Karen Ocamb
4/13/2012
The late Frontiers publisher Bob Craig was a conservative in advocate’s clothing.
A native Angeleno, Craig served in the Air Force before going to USC to study accounting. The successful Republican businessman became best known to the gay community in 1973 as the owner of the Hayloft gay bar in Studio City, where he screened movie classics and held annual beefcake Toys for Tots events—“Bring a Buck and a Toy.”
In 1978, Craig co-founded the Valley Business Alliance (now called the Los Angeles Business Alliance), a gay and lesbian chamber of commerce. His timing was insightful. In 1981, Los Angeles Magazine published an article entitled “But Will It Play in WeHo?” that trumpeted gays as the hot new marketing demographic. “[G]ay consumerism meant more than conspicuous consumption: It was also something of a political act,” Lillian Faderman and Stuart Timmons wrote in Gay L.A.
Meanwhile, David Goldstein purchased the Los Angeles Advocate and moved the publication to San Francisco.
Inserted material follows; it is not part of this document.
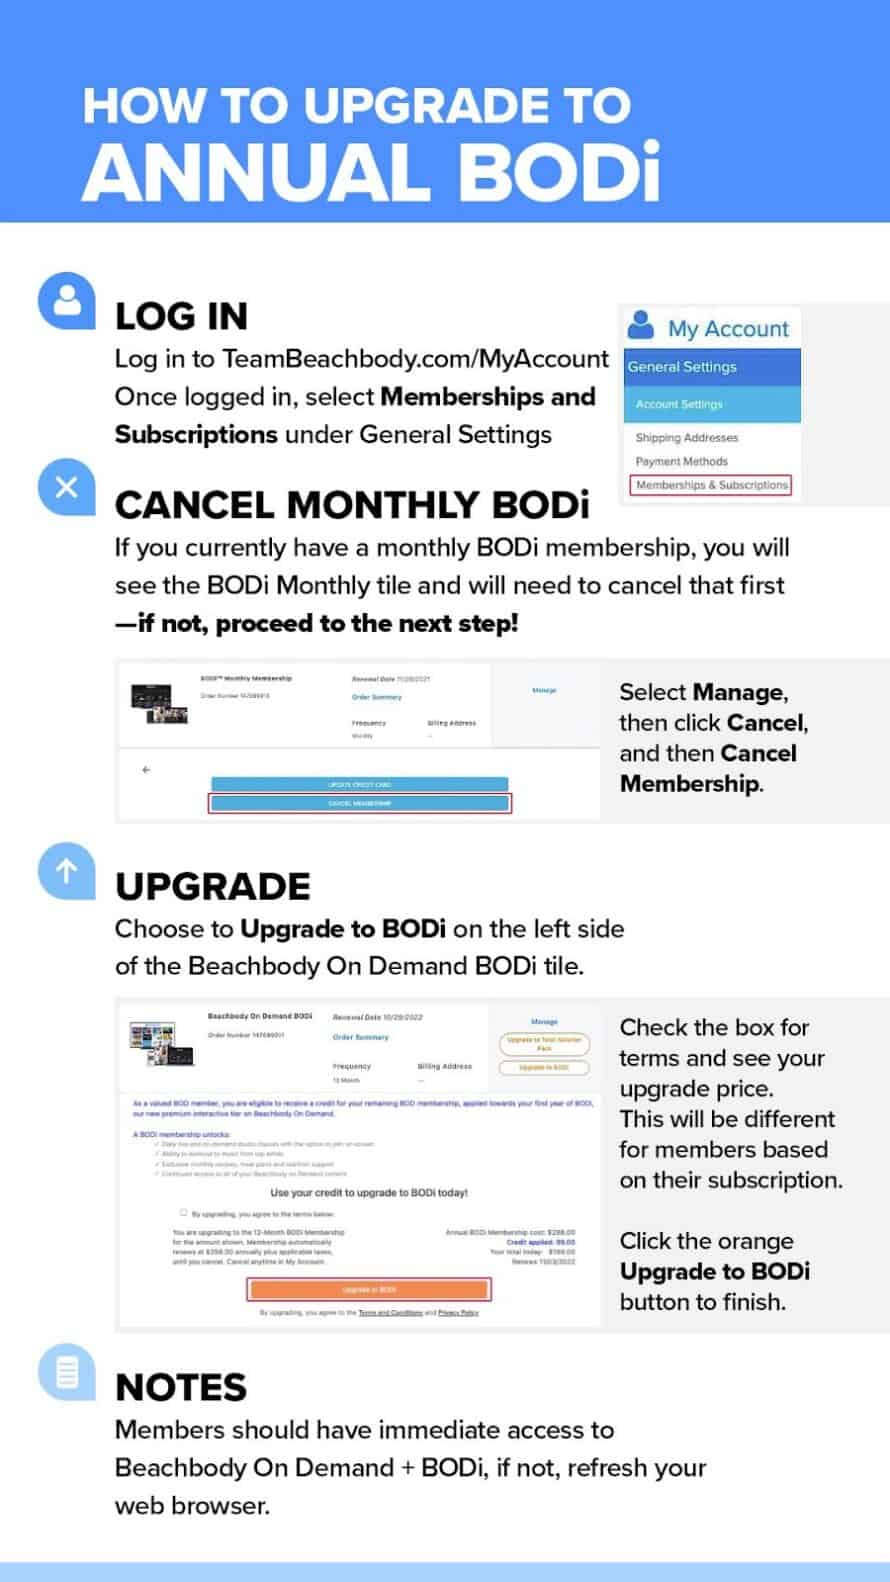 How to Upgrade to BODI infographic
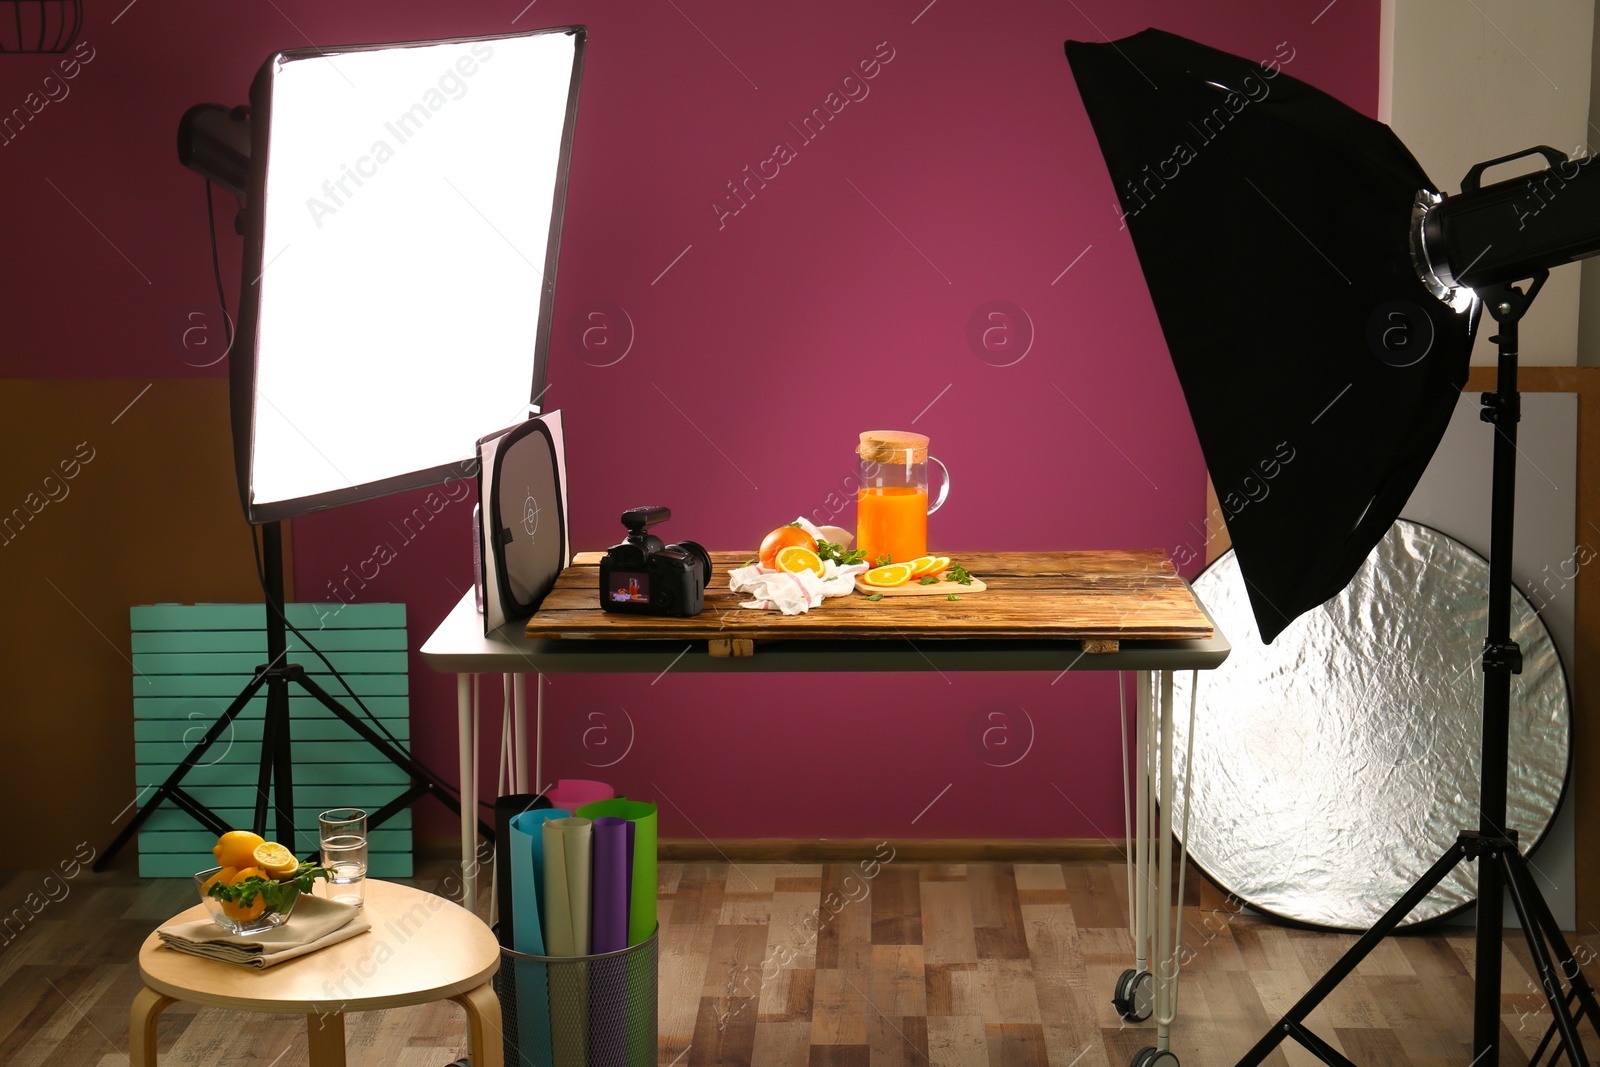 Photo of Cut oranges and jug with juice on table. Food photography

To fill the L.A. gay news void, in 1982, Greg Carmack and Jerry Hyde started Frontiers magazine. But by 1983, they were having financial problems and approached Mark Hundahl, a straight businessman who had just become co-owner of the Probe disco. They asked for $5,000, and Hundahl agreed—in exchange for two years’ worth of advertising.
“Greg told me he and Jerry started the magazine to be an advocacy magazine,” Hundahl says. “They made Frontiers the voice of the Los Angeles gay community and had the foresight to become part of the strong advocacy movement across the United States. In L.A., lots of people wanted to read it. It struck a nerve at the right place and right time.”
But when Bob Craig joined Frontiers later in 1983, he tried to break the contract. Hundahl reminded Craig that he had taken a “big risk” when the magazine was in trouble. At the end of the two years, Hundahl moved Probe’s business to a new magazine called Edge, where he met David Stern, with whom he would later become business partners.
After Bob Craig became the sole owner of Frontiers, he took a big risk, reprinting Larry Kramer’s famous AIDS polemic “1,183 and Counting” on the cover of the March 30-April 13, 1983, issue. Bar owners threw the magazine out, saying it was bad for business. Craig also used Frontiers to advance the move to incorporate West Hollywood. After winning cityhood in 1984, Craig was elected chair of the West Hollywood Incorporation Committee, and, according to the Los Angeles Times, coined the term that came to identify WeHo.
“I would suggest that if you are gay, Camelot is on the horizon,” Craig said just before Election Day. Reporters soon called West Hollywood the “Gay Camelot” after voters elected a gay majority to City Council.
But with President Reagan’s election and the massive deaths from AIDS, the gay community faced harsh, hate-filled realities. In 1985, Craig helped found and became treasurer of LIFE AIDS Lobby. Craig “saw the importance of our visible presence in the political world,” former LIFE Lobby Executive Director Laurie McBride told the Times. “He championed the work at the state level because he saw that it was a critical area that was being neglected.”
In 1986, Craig helped fight the Lyndon La Rouche AIDS Quarantine Initiative, longtime activist Ivy Bottini says. But ironically, he refused to cover rowdy ACT UP until he met with members of ACT UP/L.A. In 1989, Craig was one of 80 community leaders arrested at a major AIDS protest at the federal building in Westwood.
But it wasn’t until 1991 that Bob Craig changed his party affiliation, after Republican Gov. Pete Wilson vetoed the gay civil rights bill AB 101. “Bob Craig was a man of conservative Republican values, but he was also a proud gay man,” says Bottini. When he became a Democrat, “there was a lot of applause. He was a wonderful amazing activist, in his own way.”
In 1997, Craig, Hundahl and Stern created a sister publication, IN magazine. “Frontiers would be more like Newsweek, while IN would be the gay People,” says Stern.
Bob Craig died of AIDS on April 28, 2000. He was 65. In 2007, Hundahl and Stern bought Frontiers and merged it with IN, continuing Craig’s vision of Frontiers as an agent of change for the LGBT community.
“Bob and I became very close friends later,” says Hundahl. “I respected Bob’s vision and his capabilities.”
“Bob helped fulfill a need—to create a platform for all voices of the LGBT community,” says Stern. “Frontiers was and is so important, because it is fundamentally about building and uniting community.”